= Beginning of Section =

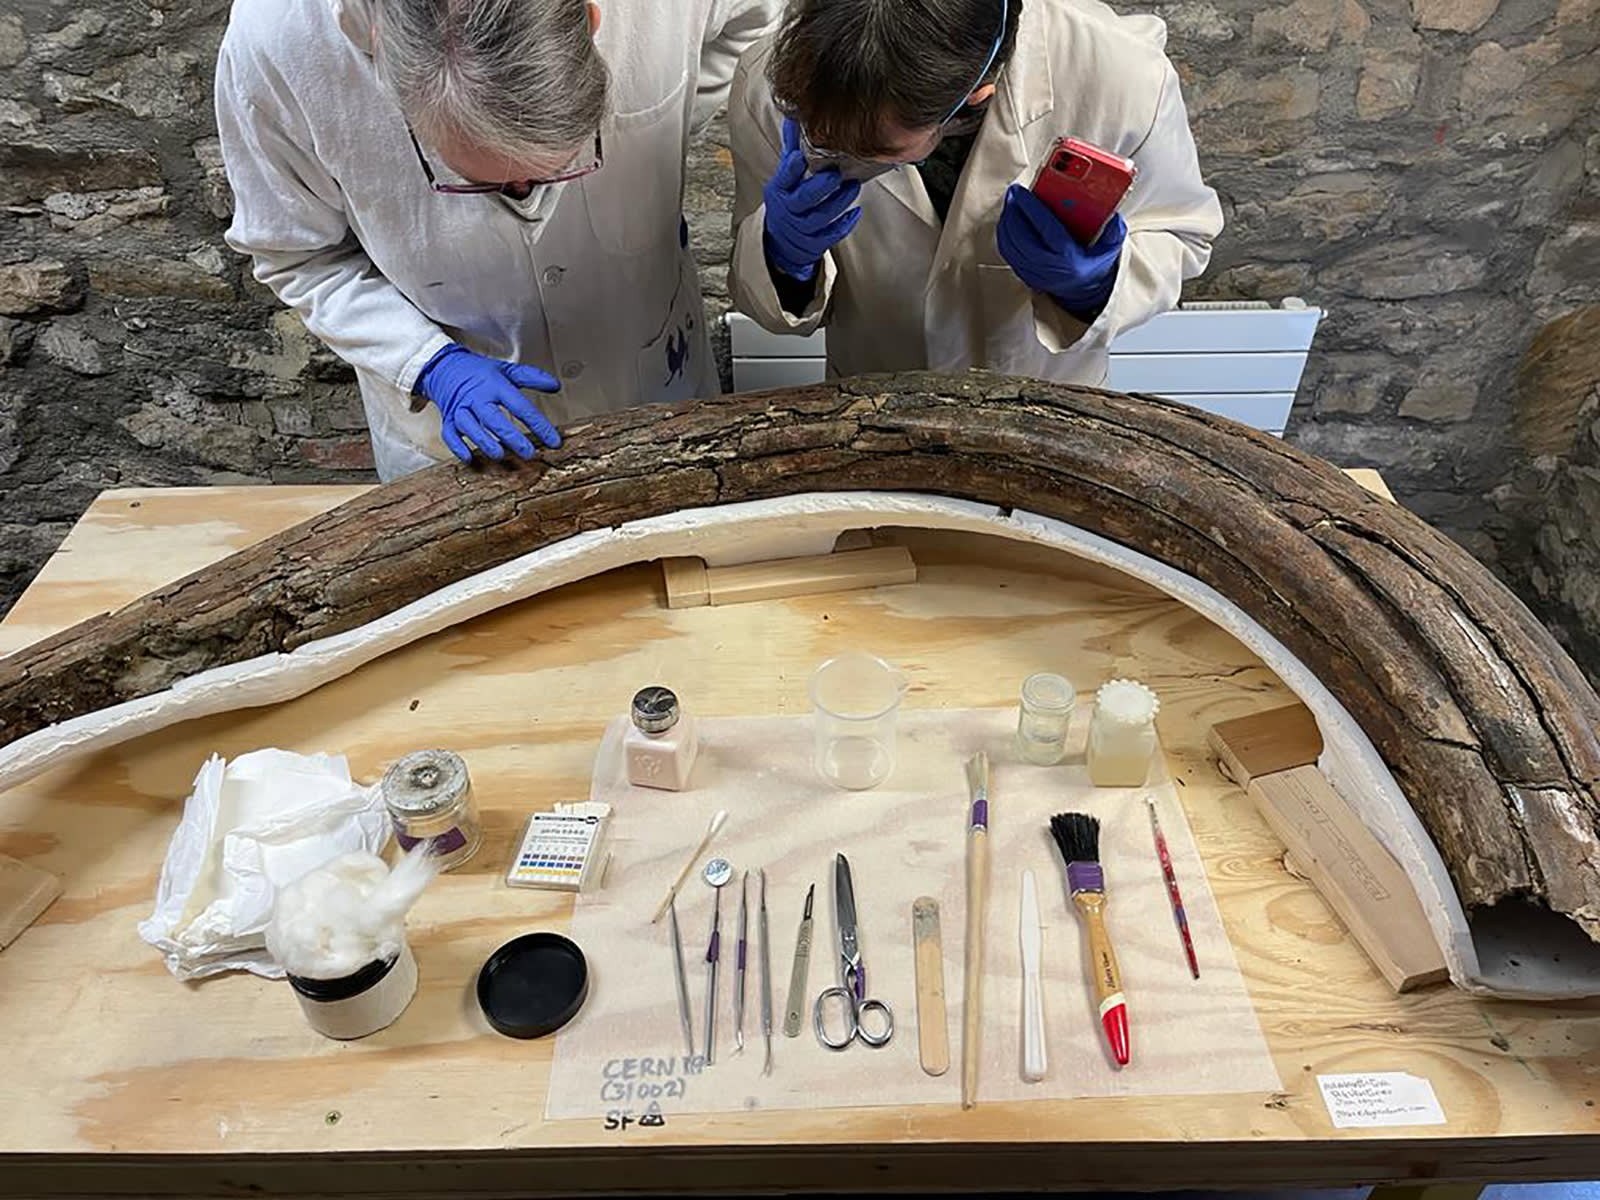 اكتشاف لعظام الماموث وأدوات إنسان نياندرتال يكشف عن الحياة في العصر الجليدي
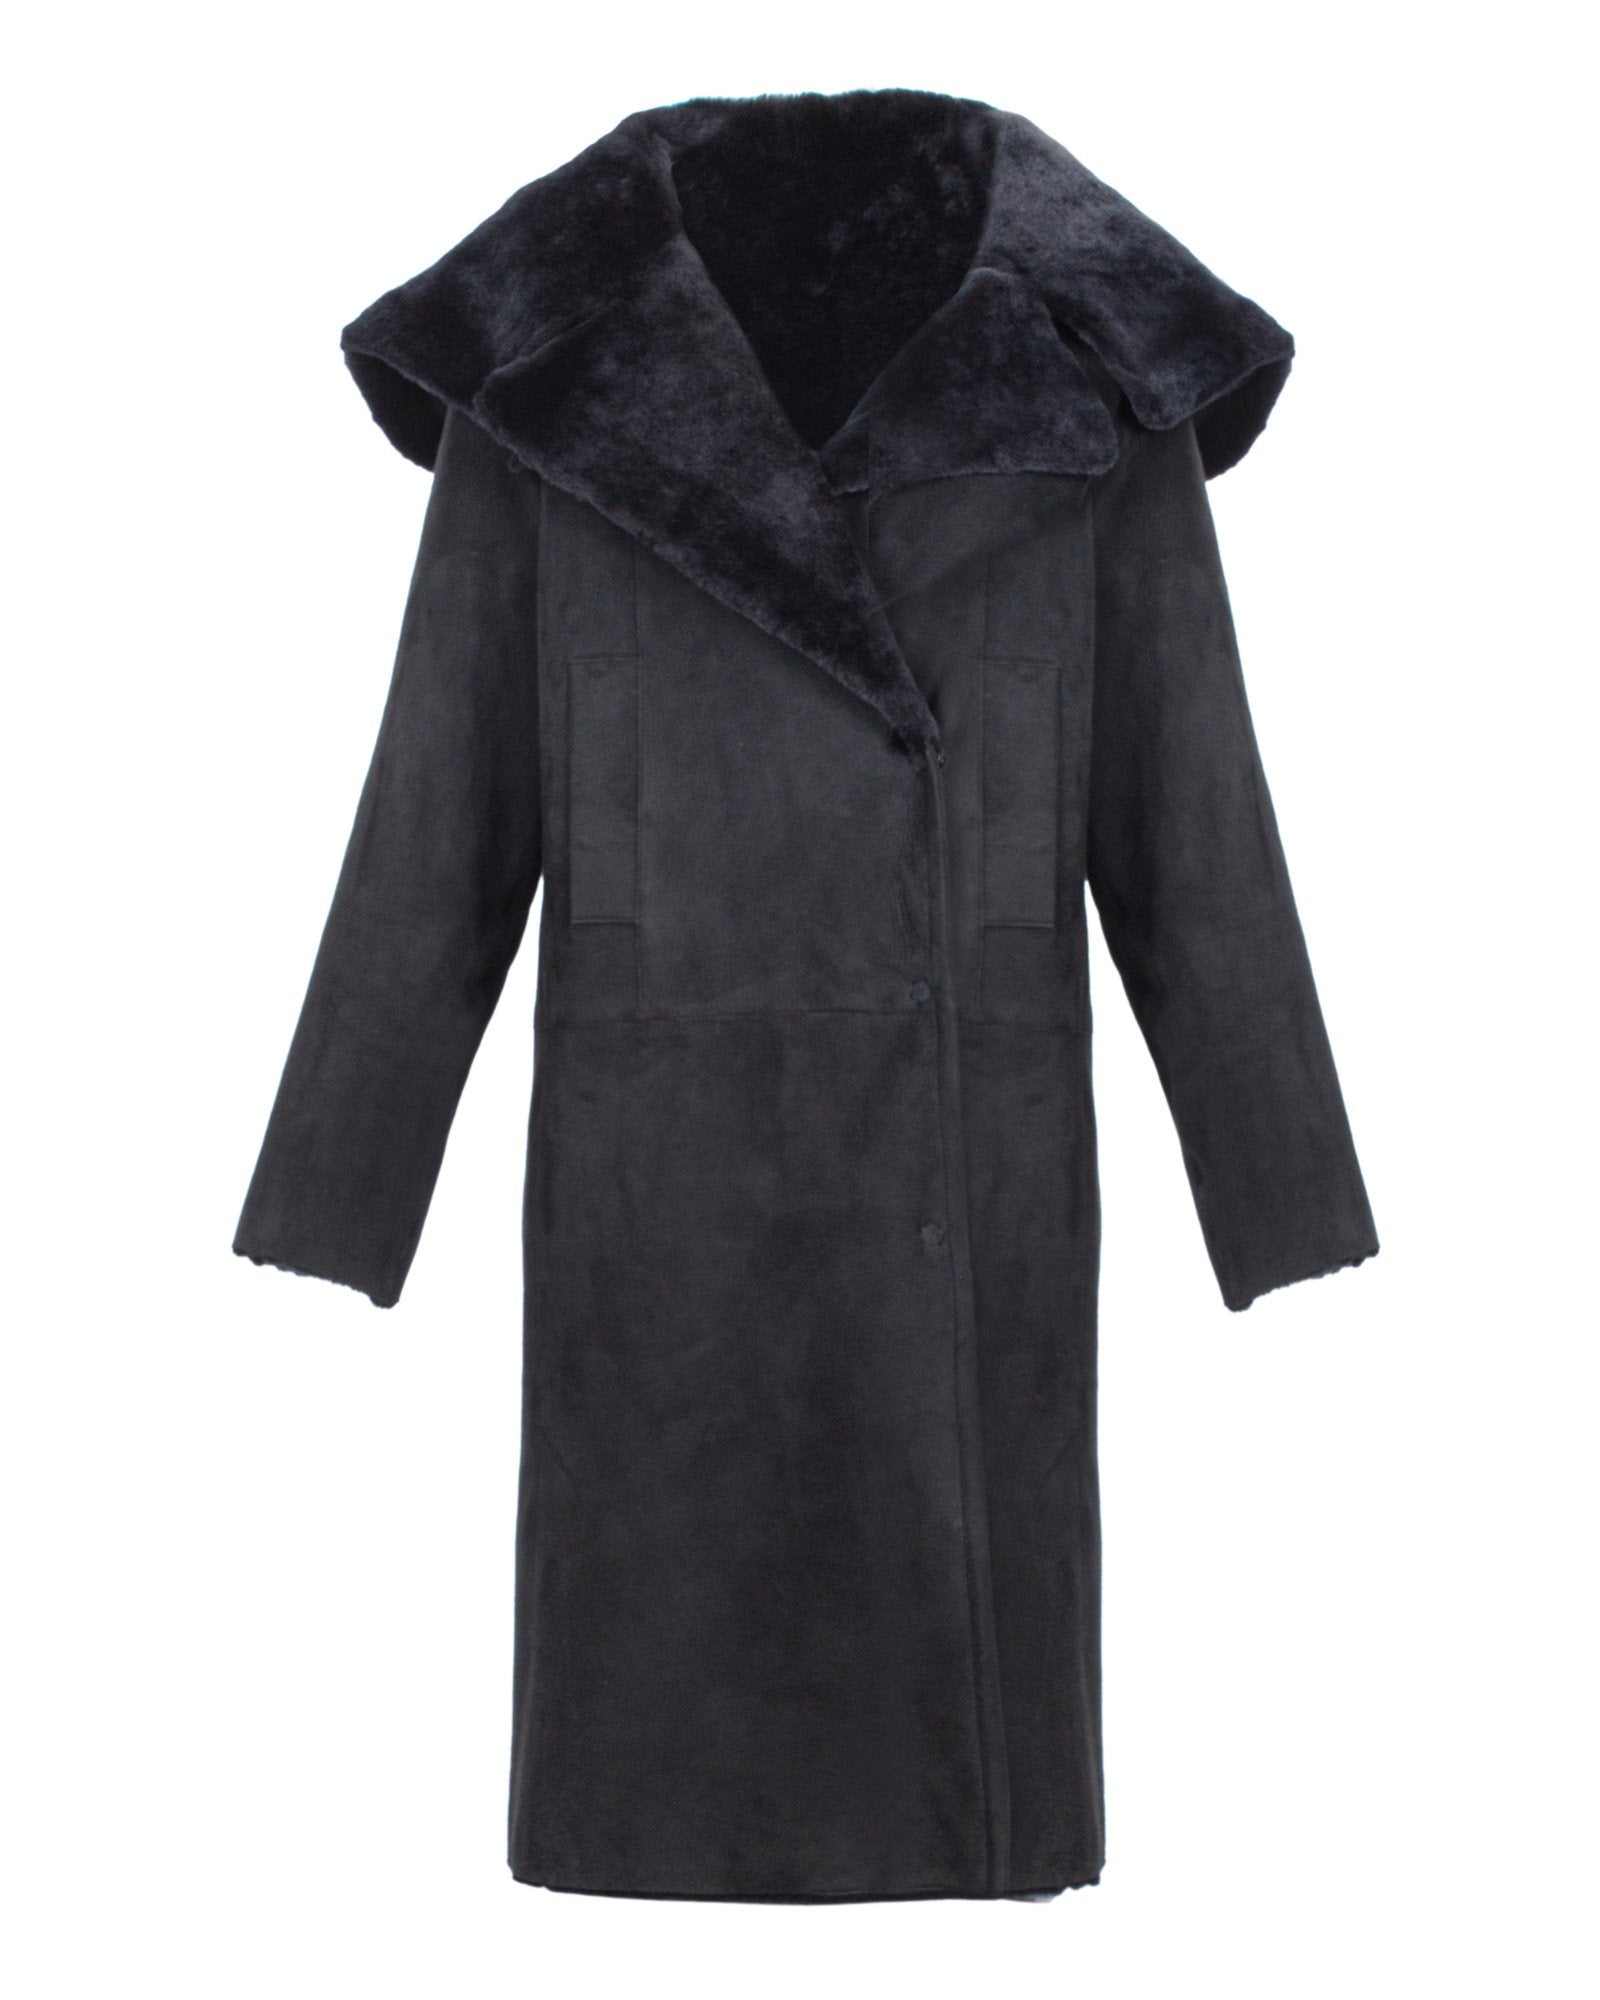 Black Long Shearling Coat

= End of Section =
= Beginning of Section =

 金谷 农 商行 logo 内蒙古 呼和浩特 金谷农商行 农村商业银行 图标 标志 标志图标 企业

= End of Section =

▸ **Your goal**: Starting at the line with "اكتشاف لعظام الماموث" and finishing at the line with "Black Long Shearling Coat", copy the material above exactly, both lines included. Nothing else goes in, and no pictures.

▸ **Task response**:
 اكتشاف لعظام الماموث وأدوات إنسان نياندرتال يكشف عن الحياة في العصر الجليدي
 Black Long Shearling Coat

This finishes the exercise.